**Exercise directions**.
For the entries below, the expected answer is the line with "ABUS Stadthelm Urban-I", the line with "obr.: podrobné fotogrammetrické vyhodnocení", and every line between them, exactly as written, and nothing more.

::: Supplied data :::

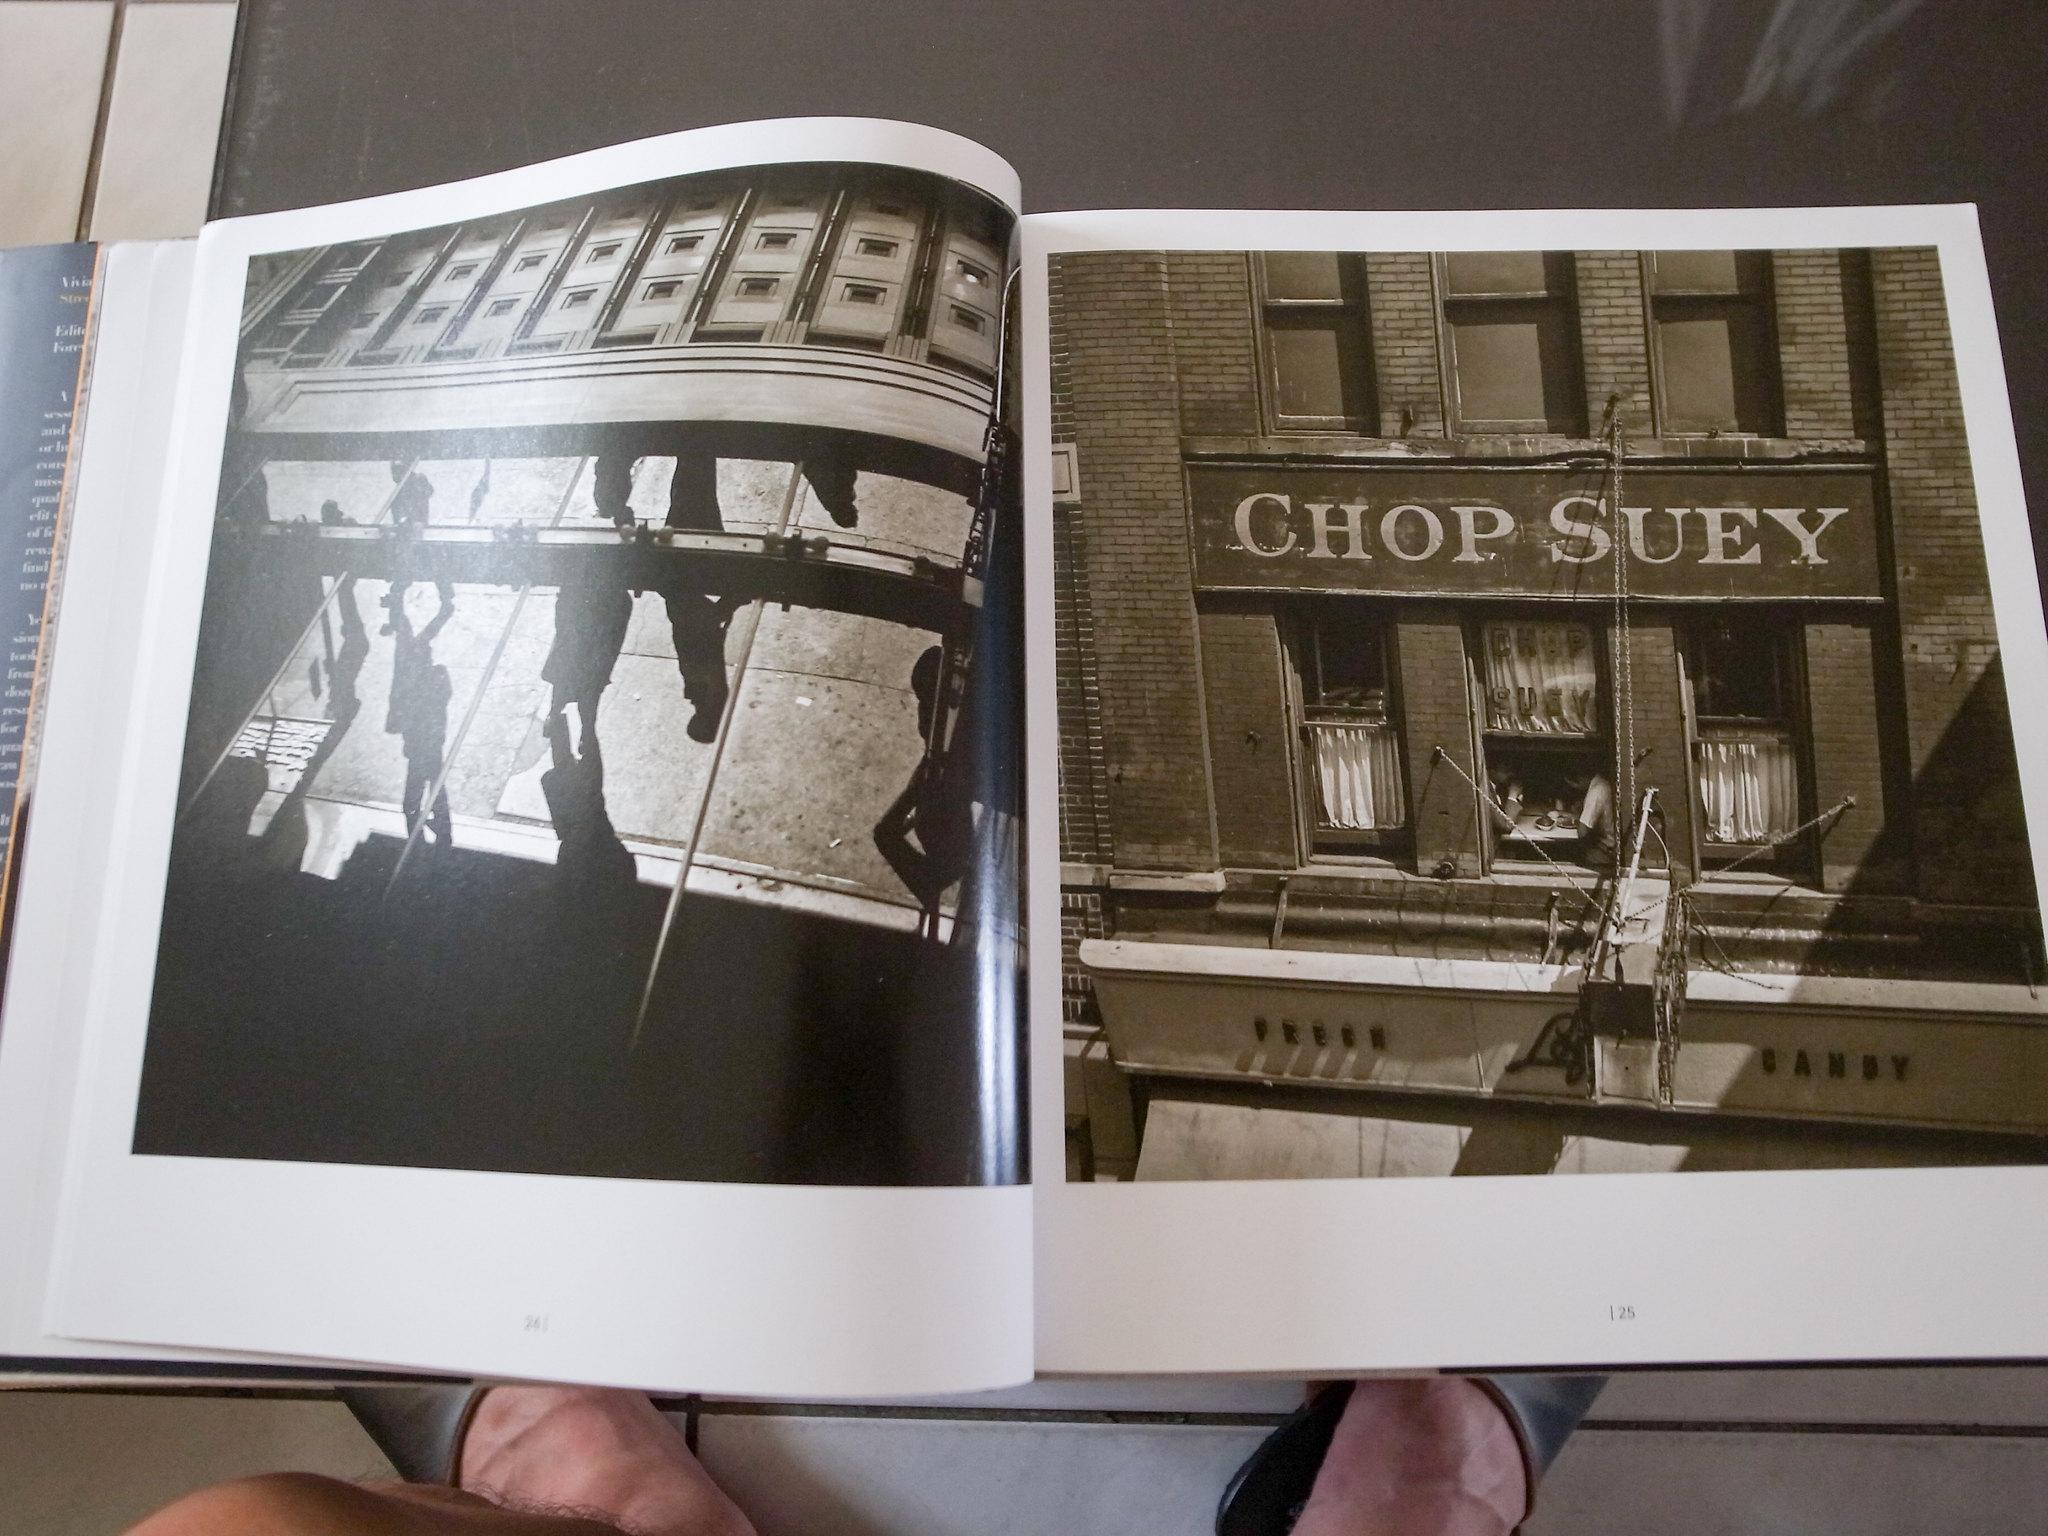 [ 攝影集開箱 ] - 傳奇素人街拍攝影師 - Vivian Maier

:::
::: Supplied data :::

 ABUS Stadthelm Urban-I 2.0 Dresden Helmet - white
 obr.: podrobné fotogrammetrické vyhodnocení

:::
::: Supplied data :::

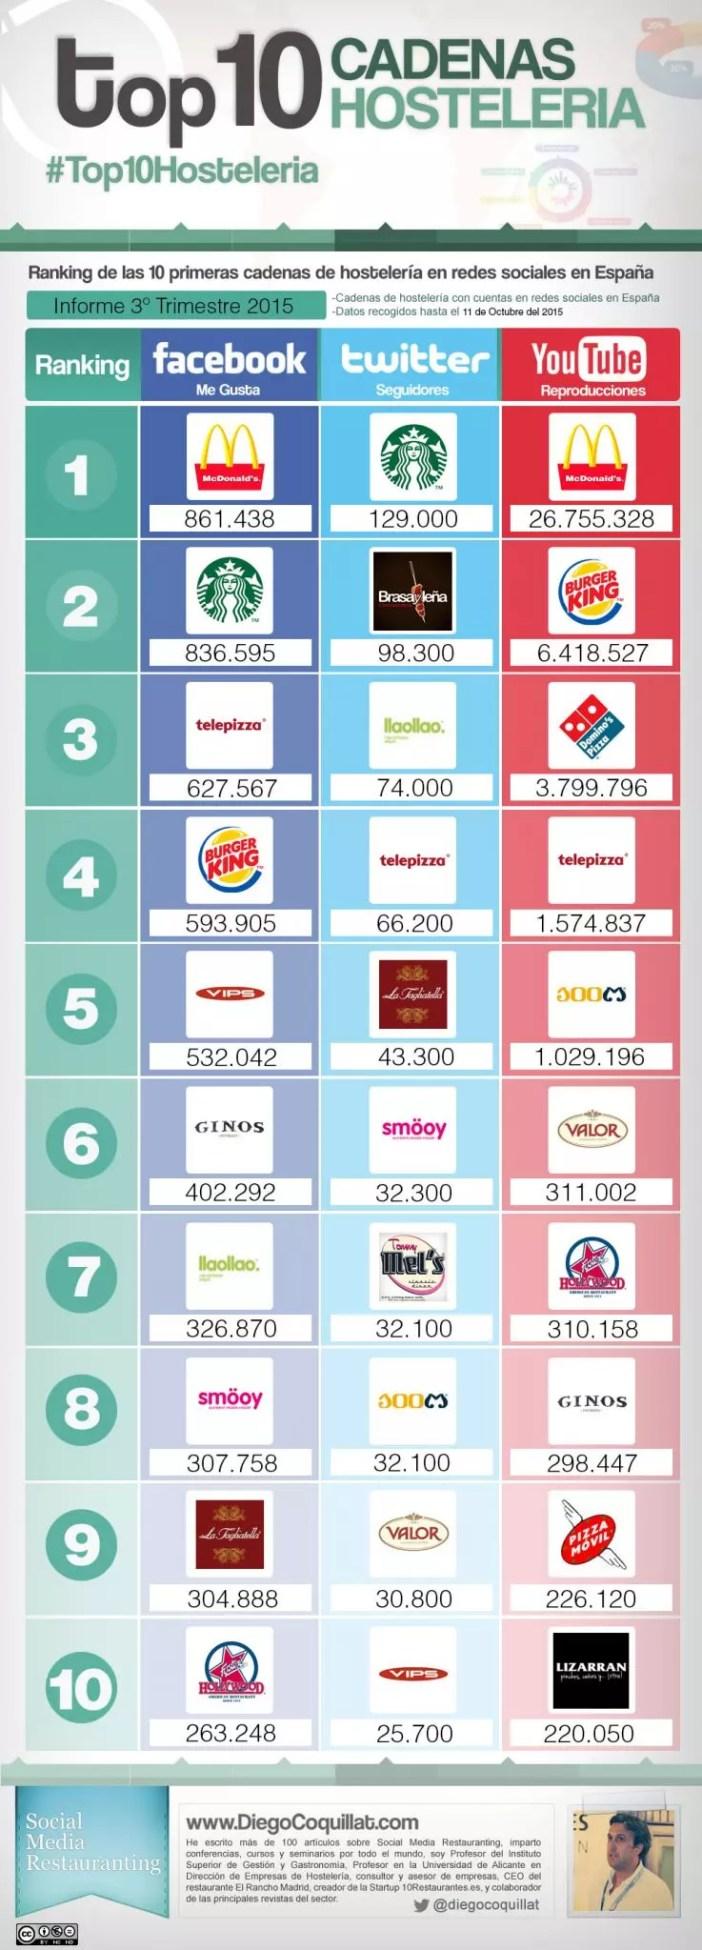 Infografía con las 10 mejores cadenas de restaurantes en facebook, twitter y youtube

:::

**Reply to the exercise**.
 ABUS Stadthelm Urban-I 2.0 Dresden Helmet - white
 obr.: podrobné fotogrammetrické vyhodnocení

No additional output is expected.